▶ [PROBLEM REQUIREMENTS]:
What is needed here is an exact printout of the data, with no pictures included.

::: RECORDED DATA :::

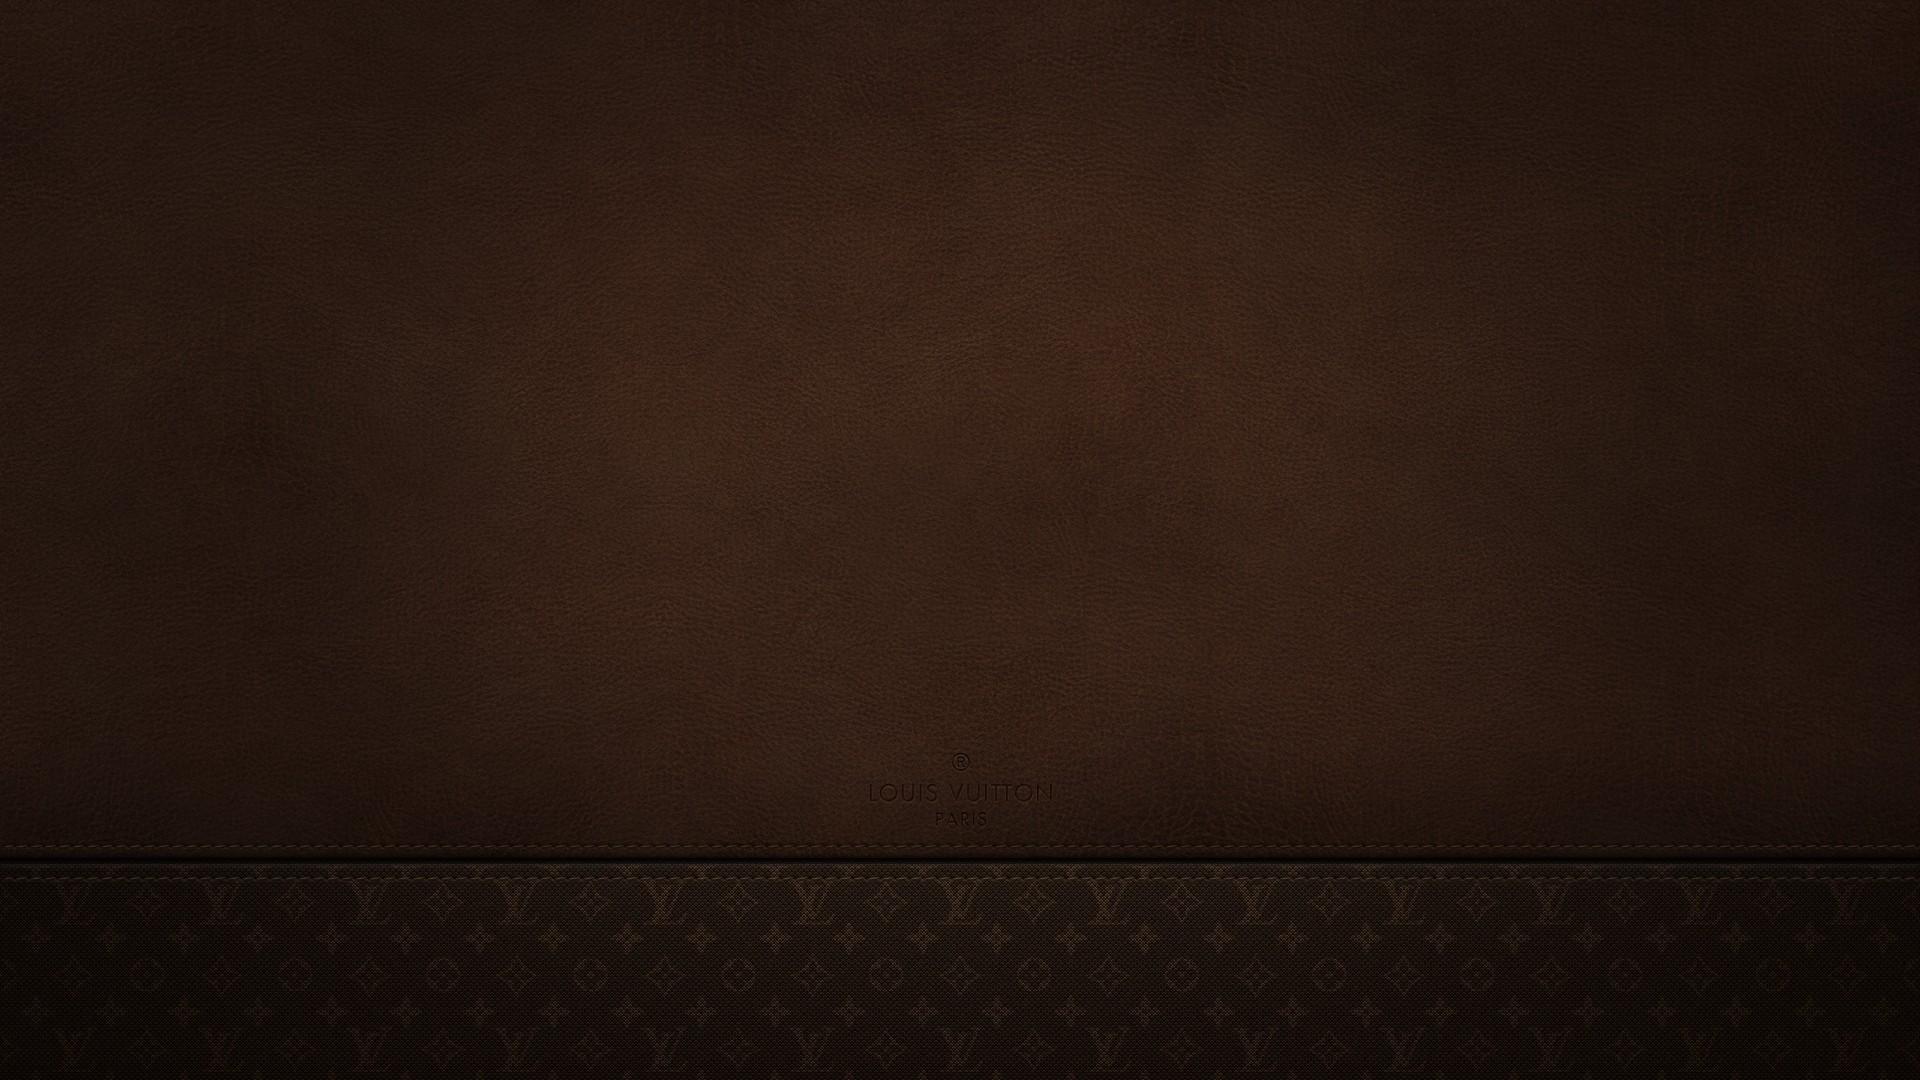 Wallpaper louis vuitton, leather, brand
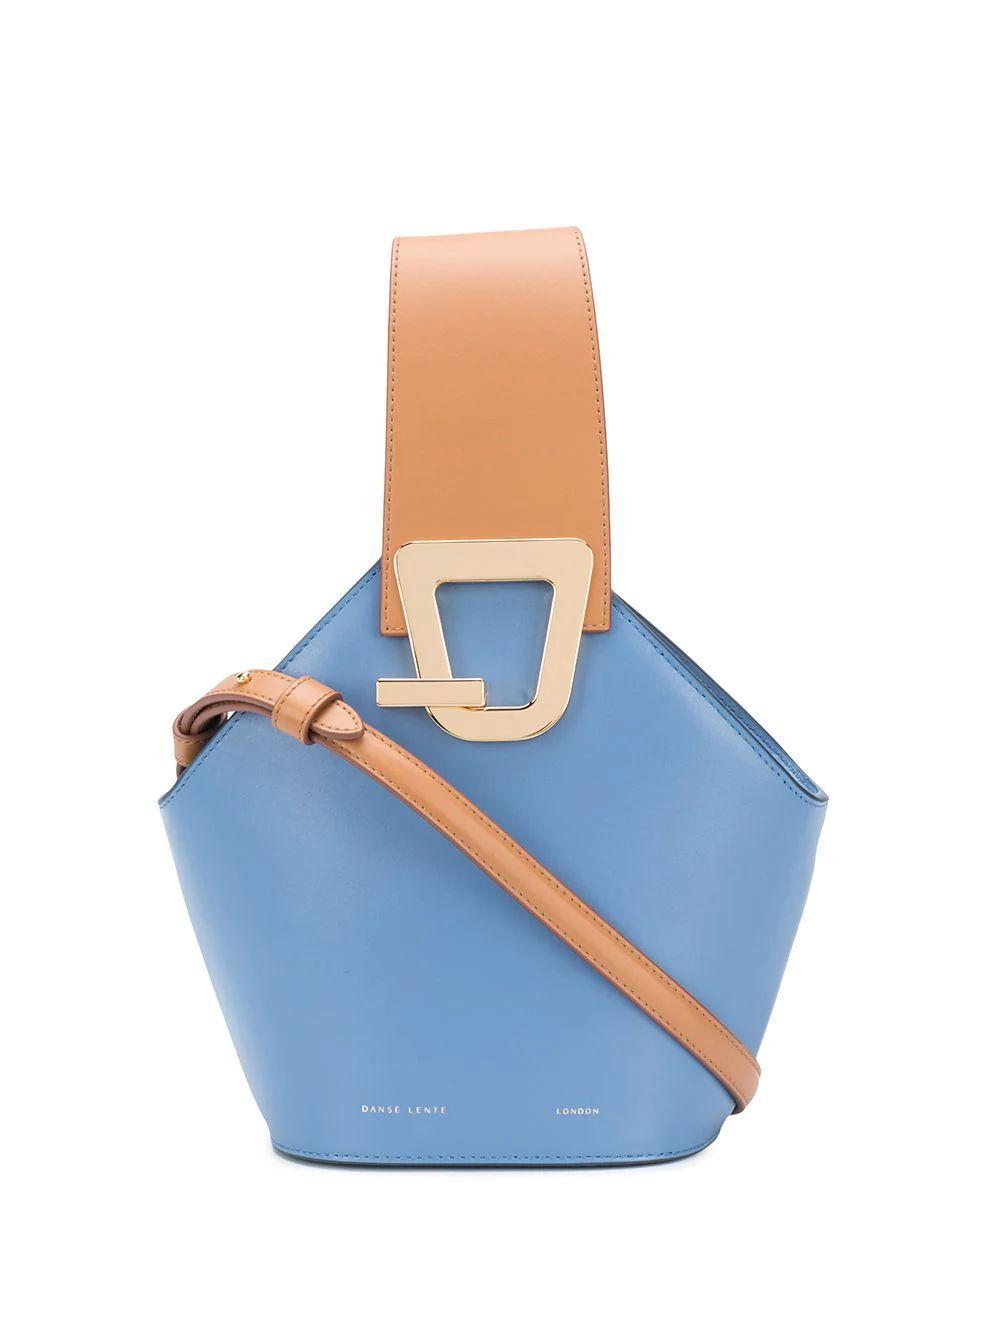 Mini Johnny Bucket Bag Item # F20-08-2544
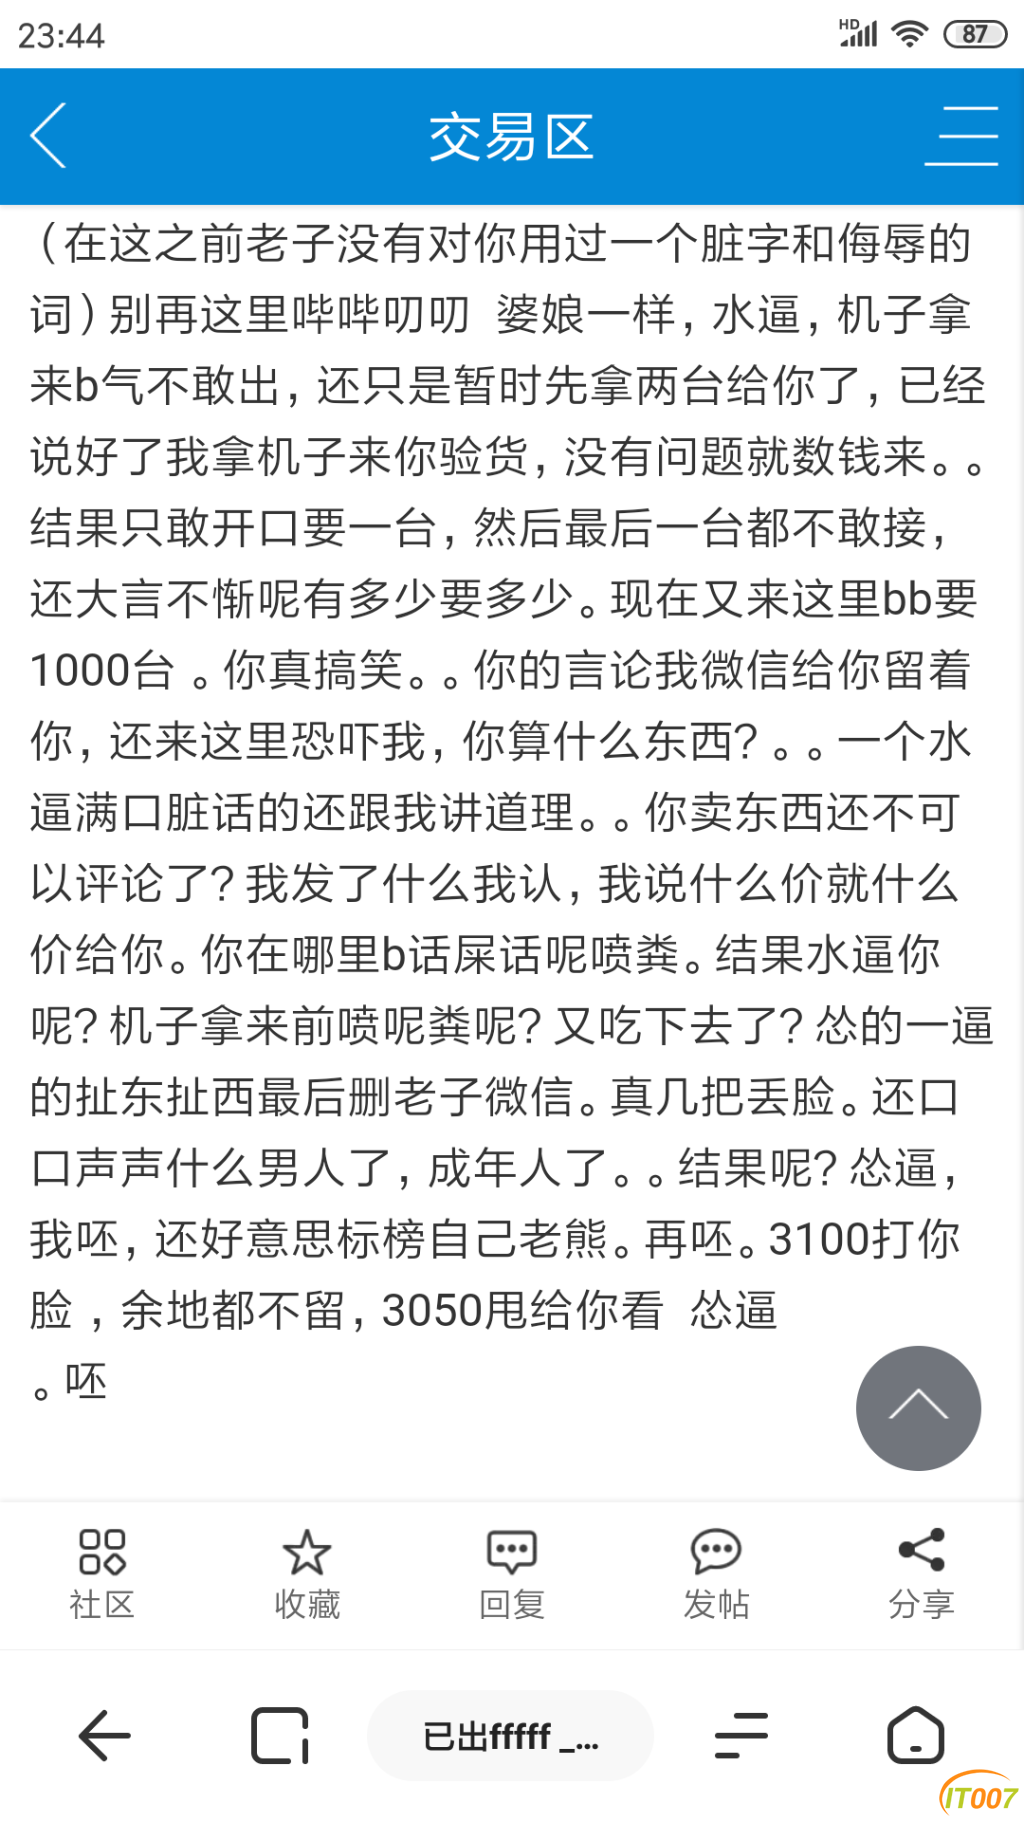 Screenshot_2019-04-21-23-44-29-680_com.quark.browser.png
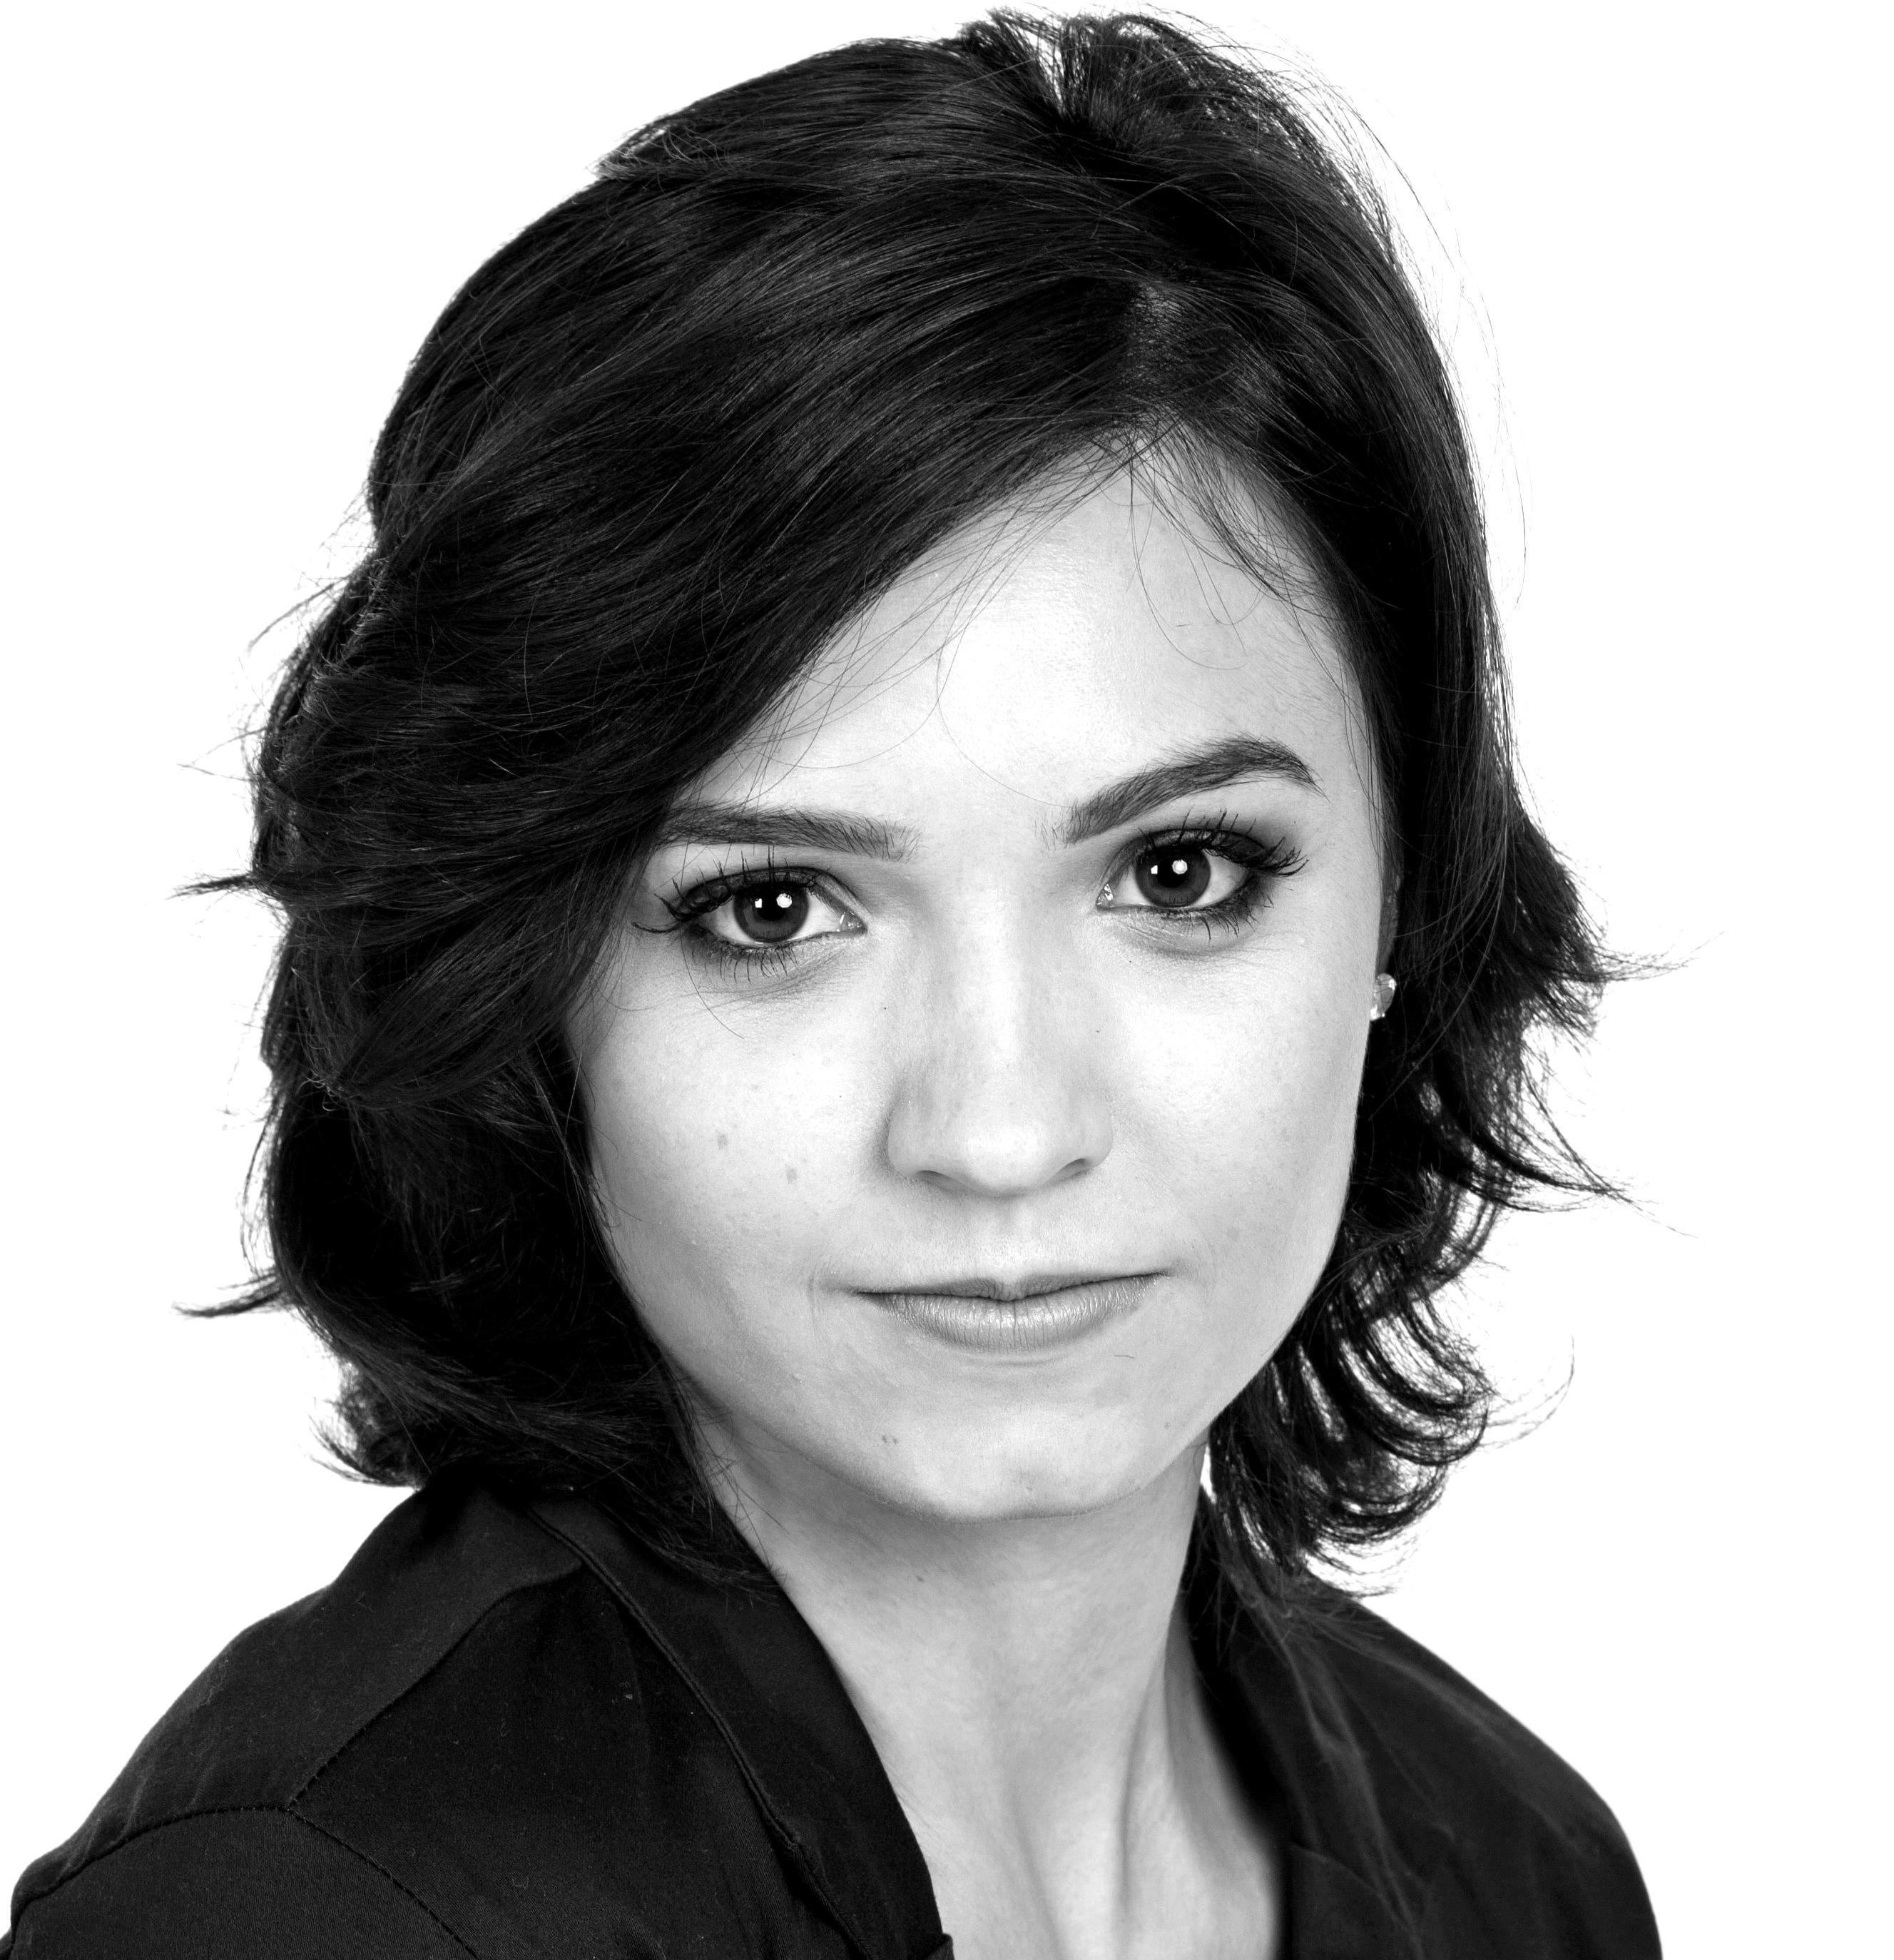 Maria Luisa Machado Porath

:::

▶ [RESPONSE TO THE EXERCISE]:
 Wallpaper louis vuitton, leather, brand
 Mini Johnny Bucket Bag Item # F20-08-2544
 Screenshot_2019-04-21-23-44-29-680_com.quark.browser.png
 Maria Luisa Machado Porath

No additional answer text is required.